## WHAT TO WORK ON
Copy out the full listing below as it stands, with its pictures left behind.

## INPUT DATA
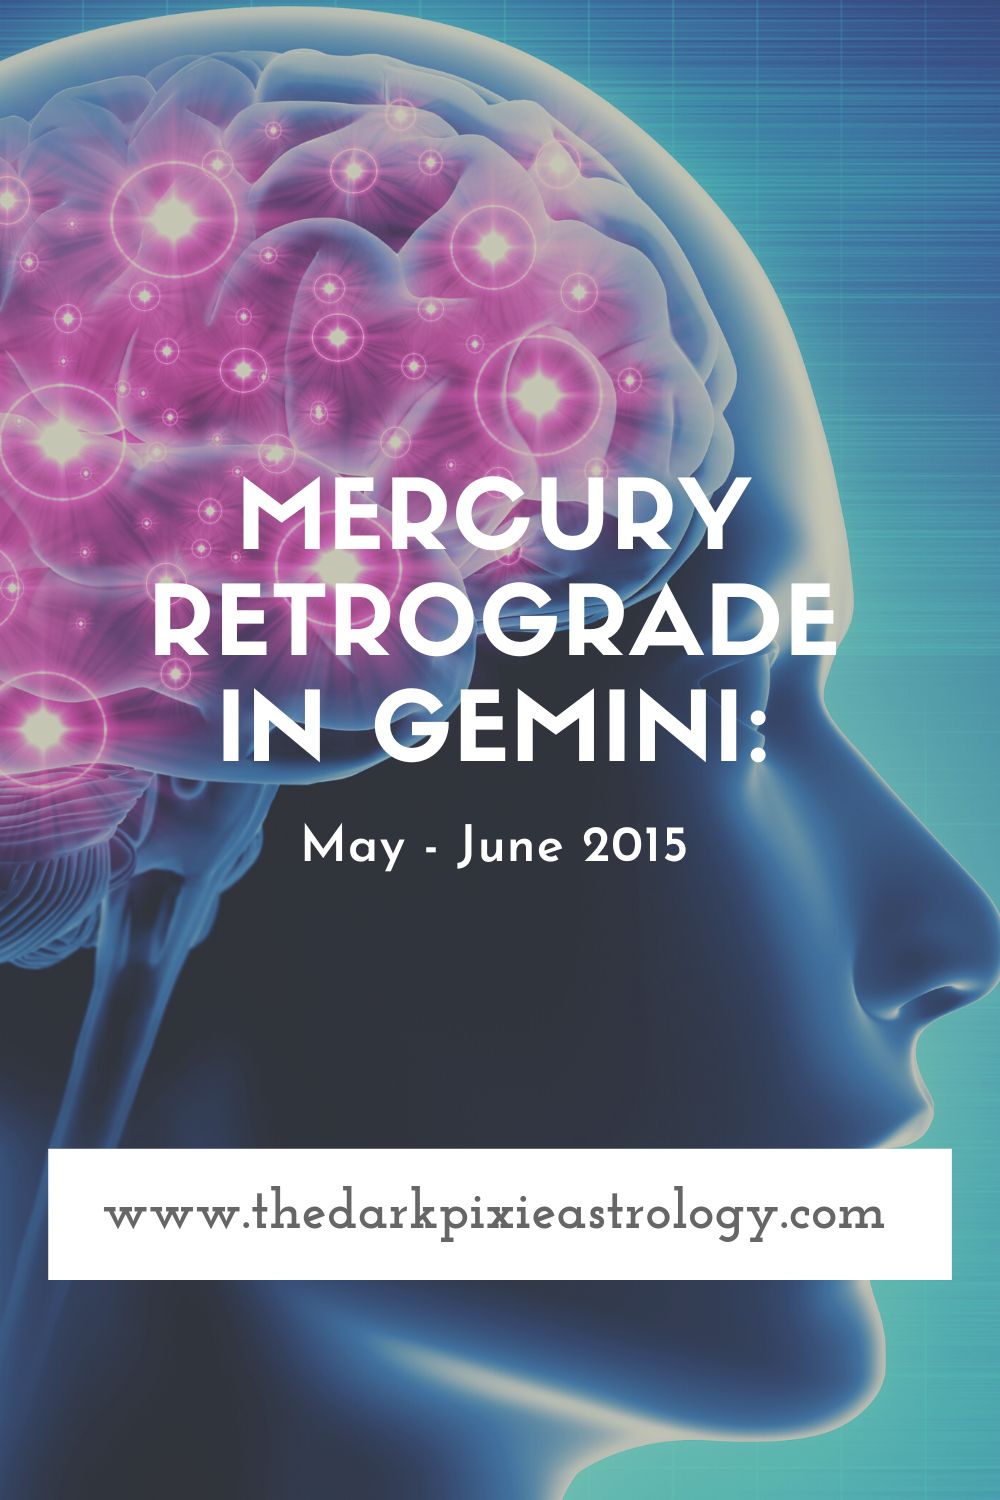 Mercury Retrograde in Gemini: May - June 2015 - The Dark Pixie Astrology
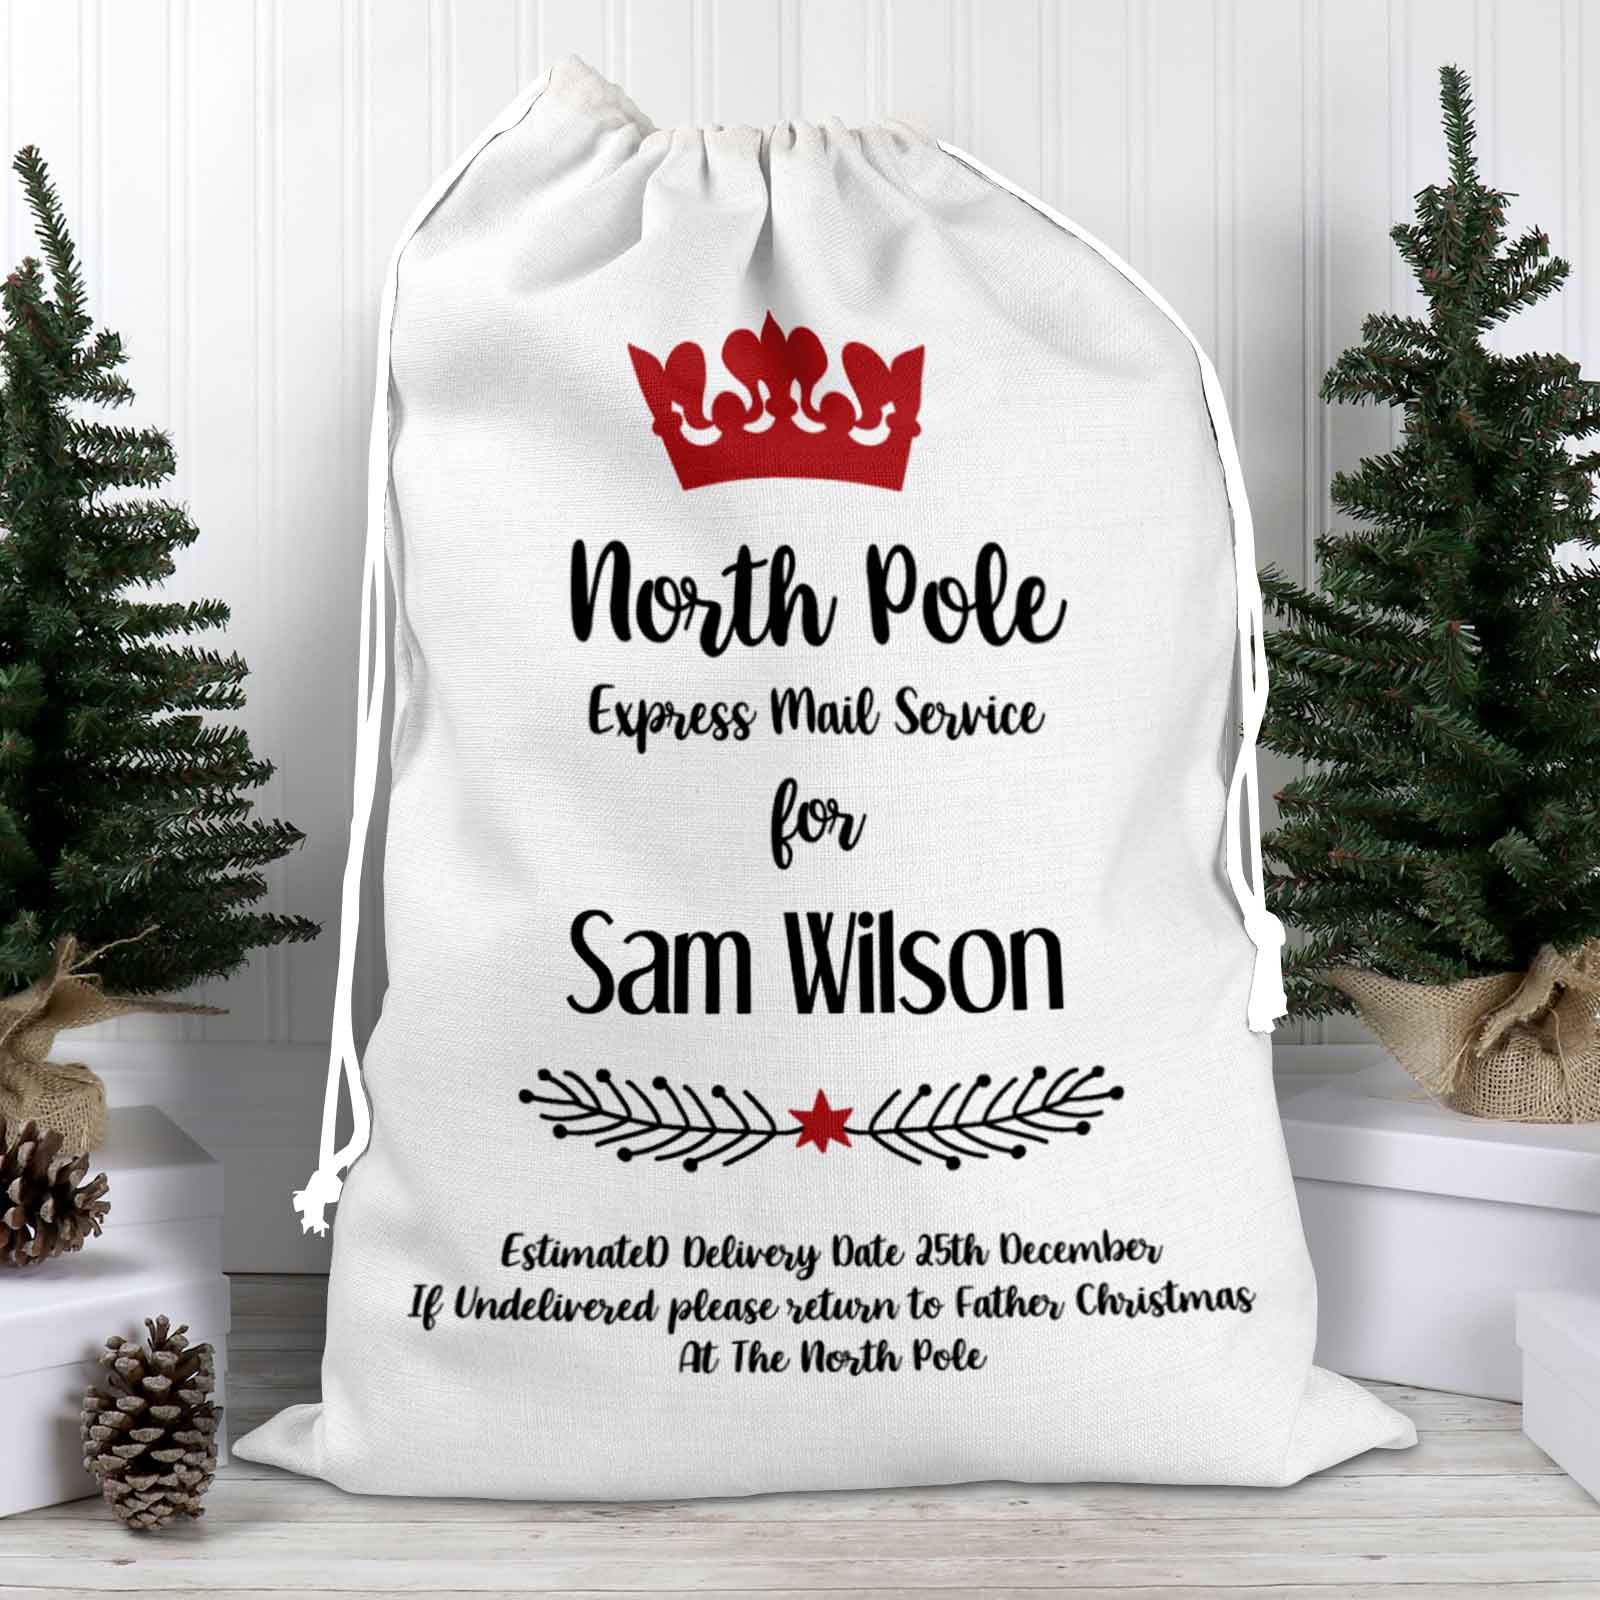 North Pole Express Mail Service Personalised Santa Sack
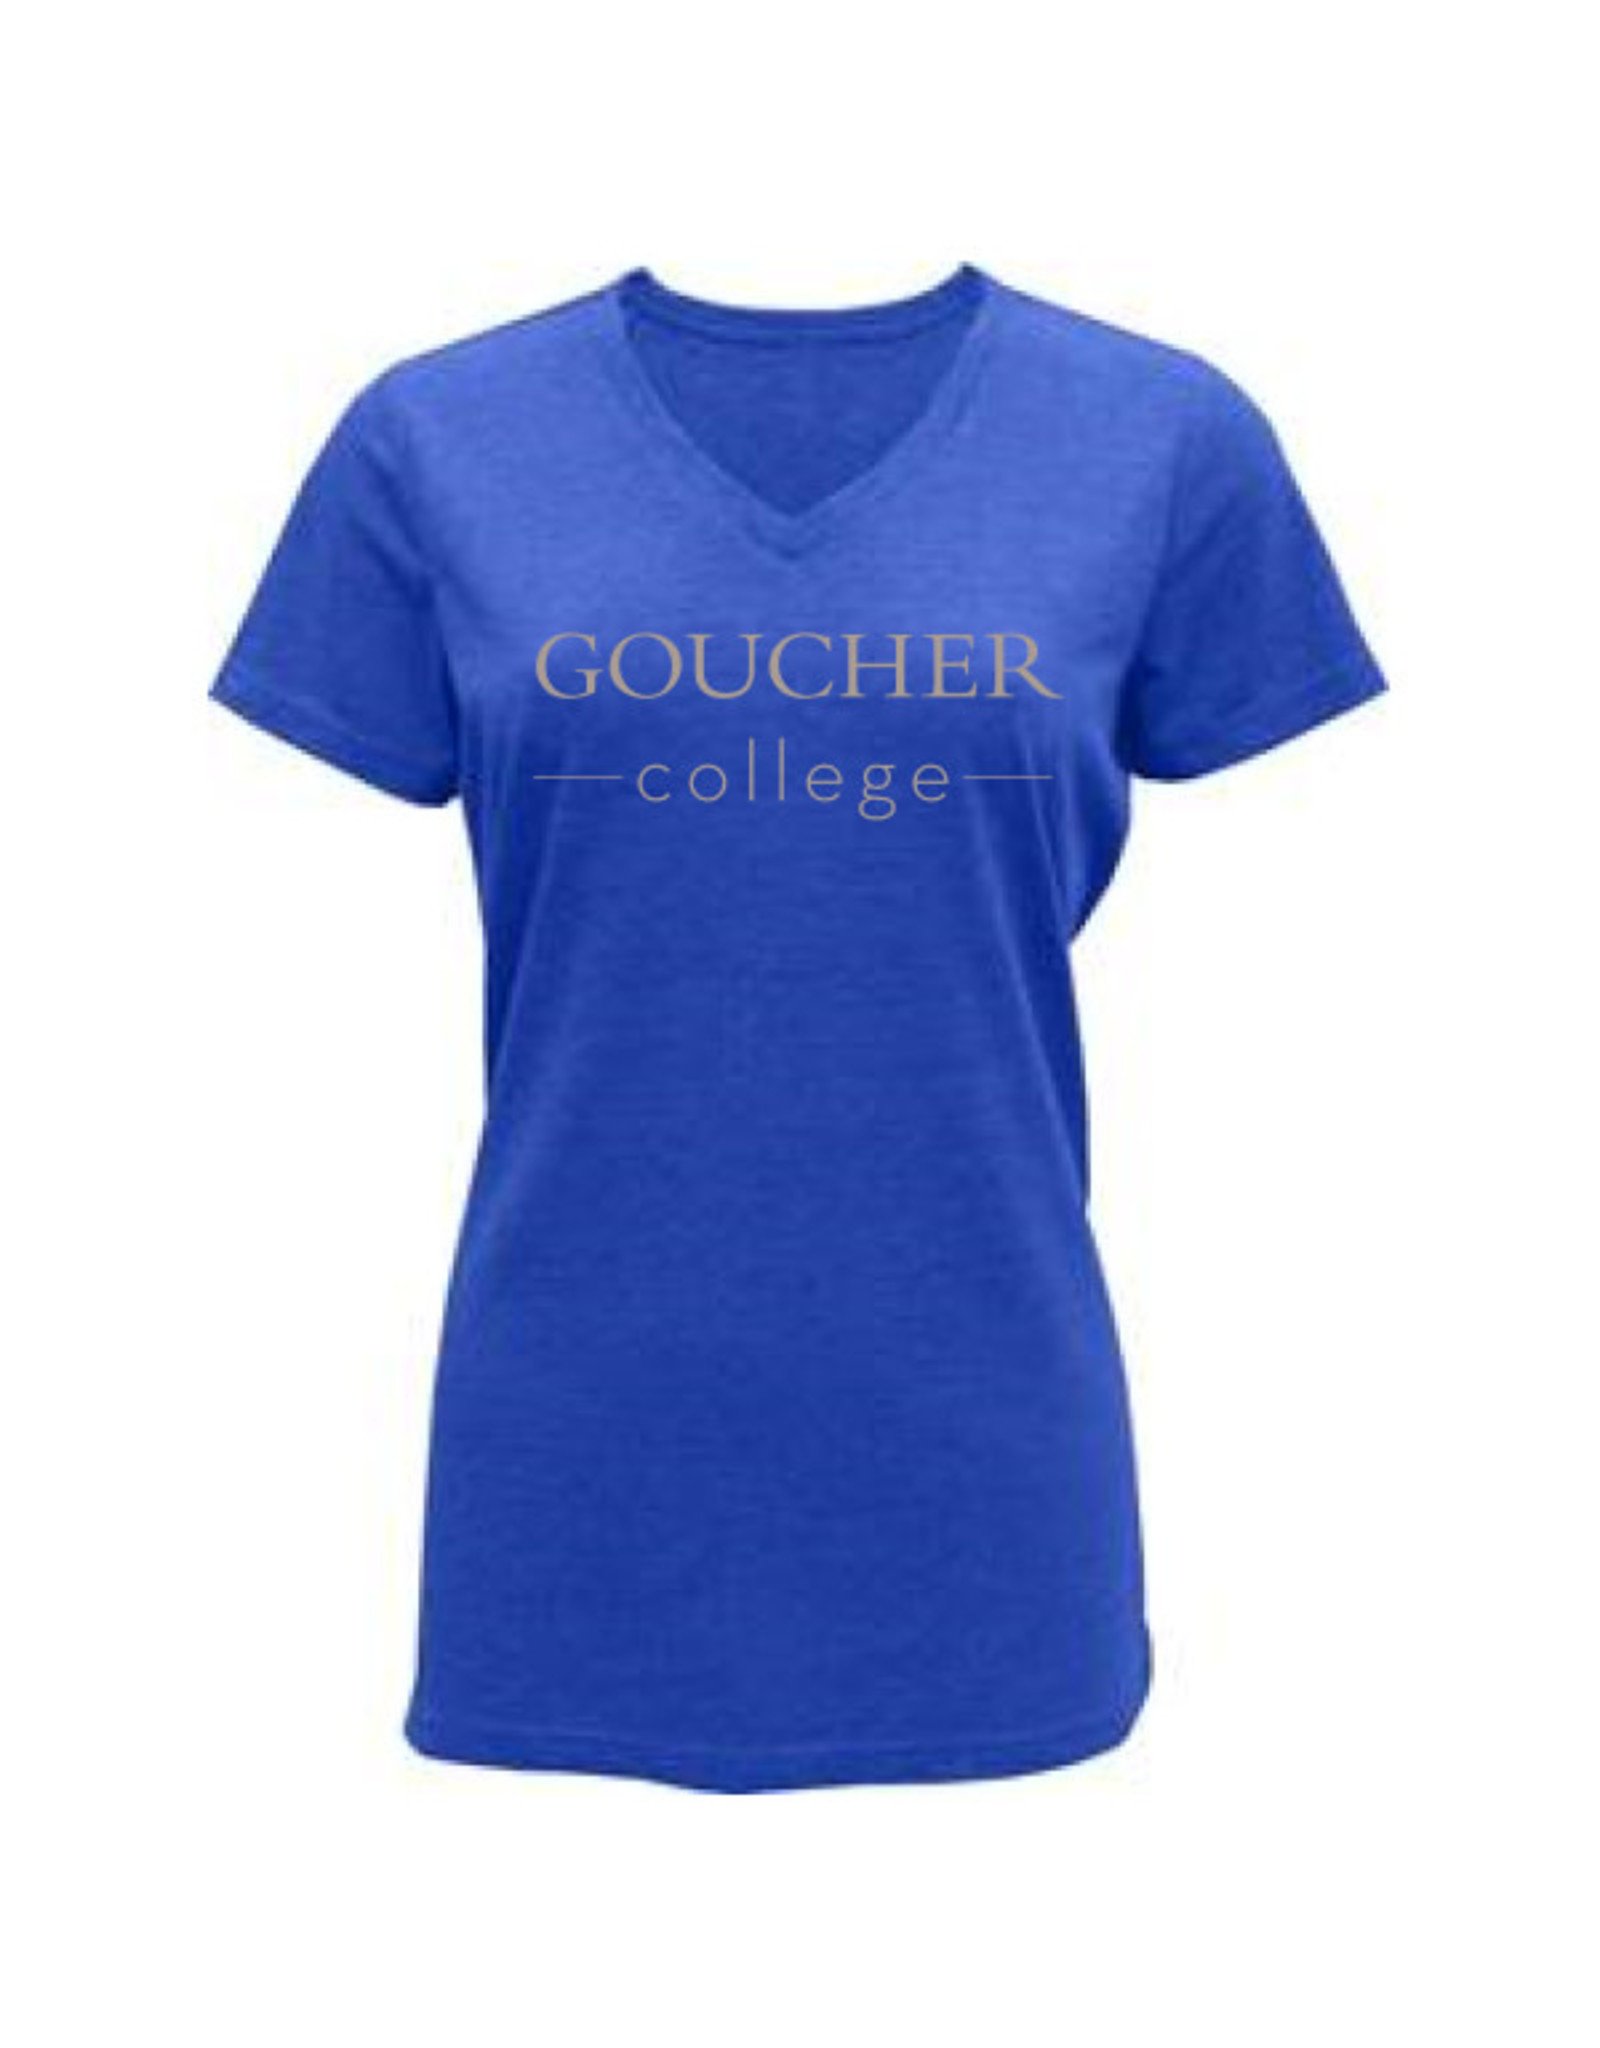 BAW Women's Tri-Blend V-Neck T-Shirt "Goucher College"
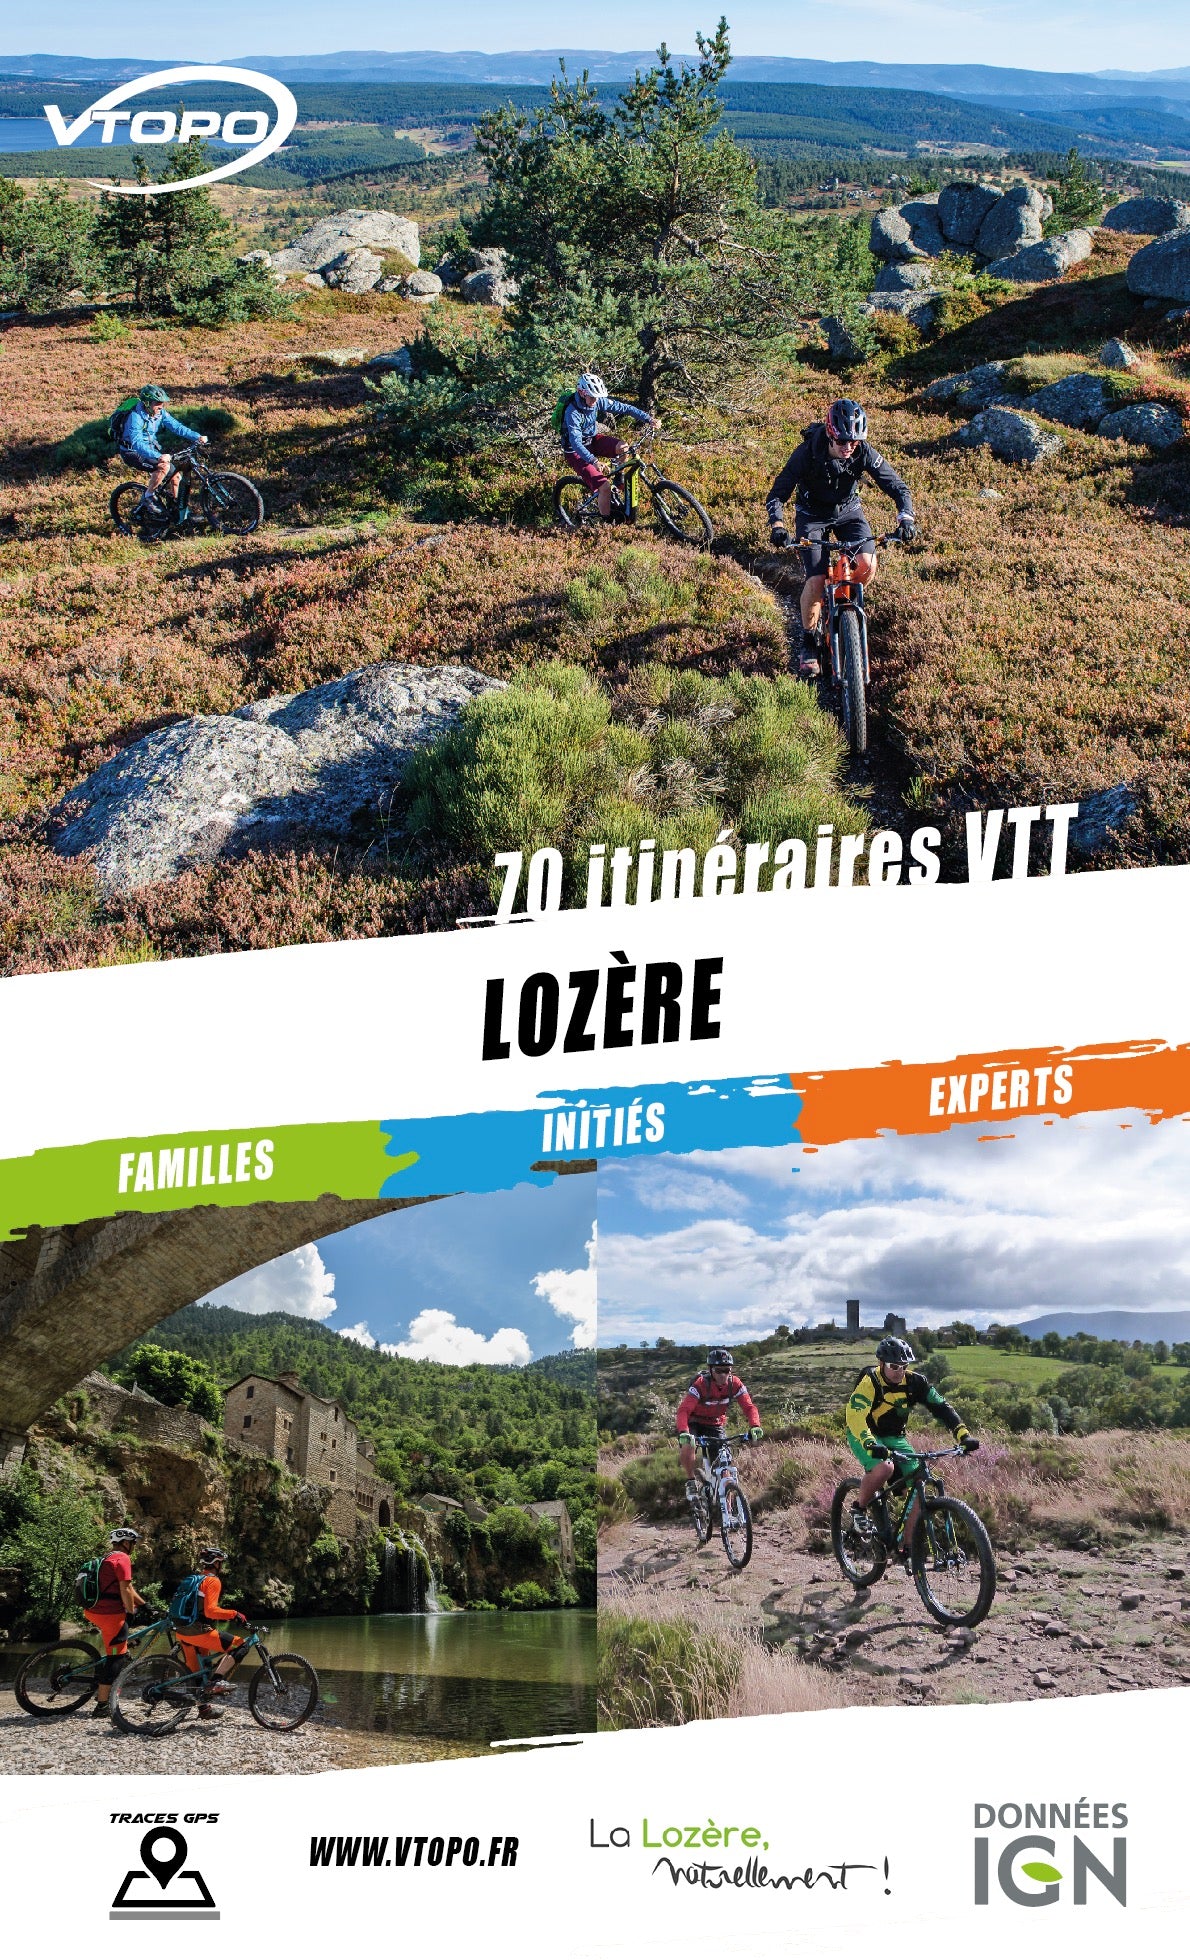 VTOPO VTT Lozère - 2nd edition

## OUTPUT OF THE EXERCISE
 Mercury Retrograde in Gemini: May - June 2015 - The Dark Pixie Astrology
 North Pole Express Mail Service Personalised Santa Sack
 BAW Women's Tri-Blend V-Neck T-Shirt "Goucher College"
 VTOPO VTT Lozère - 2nd edition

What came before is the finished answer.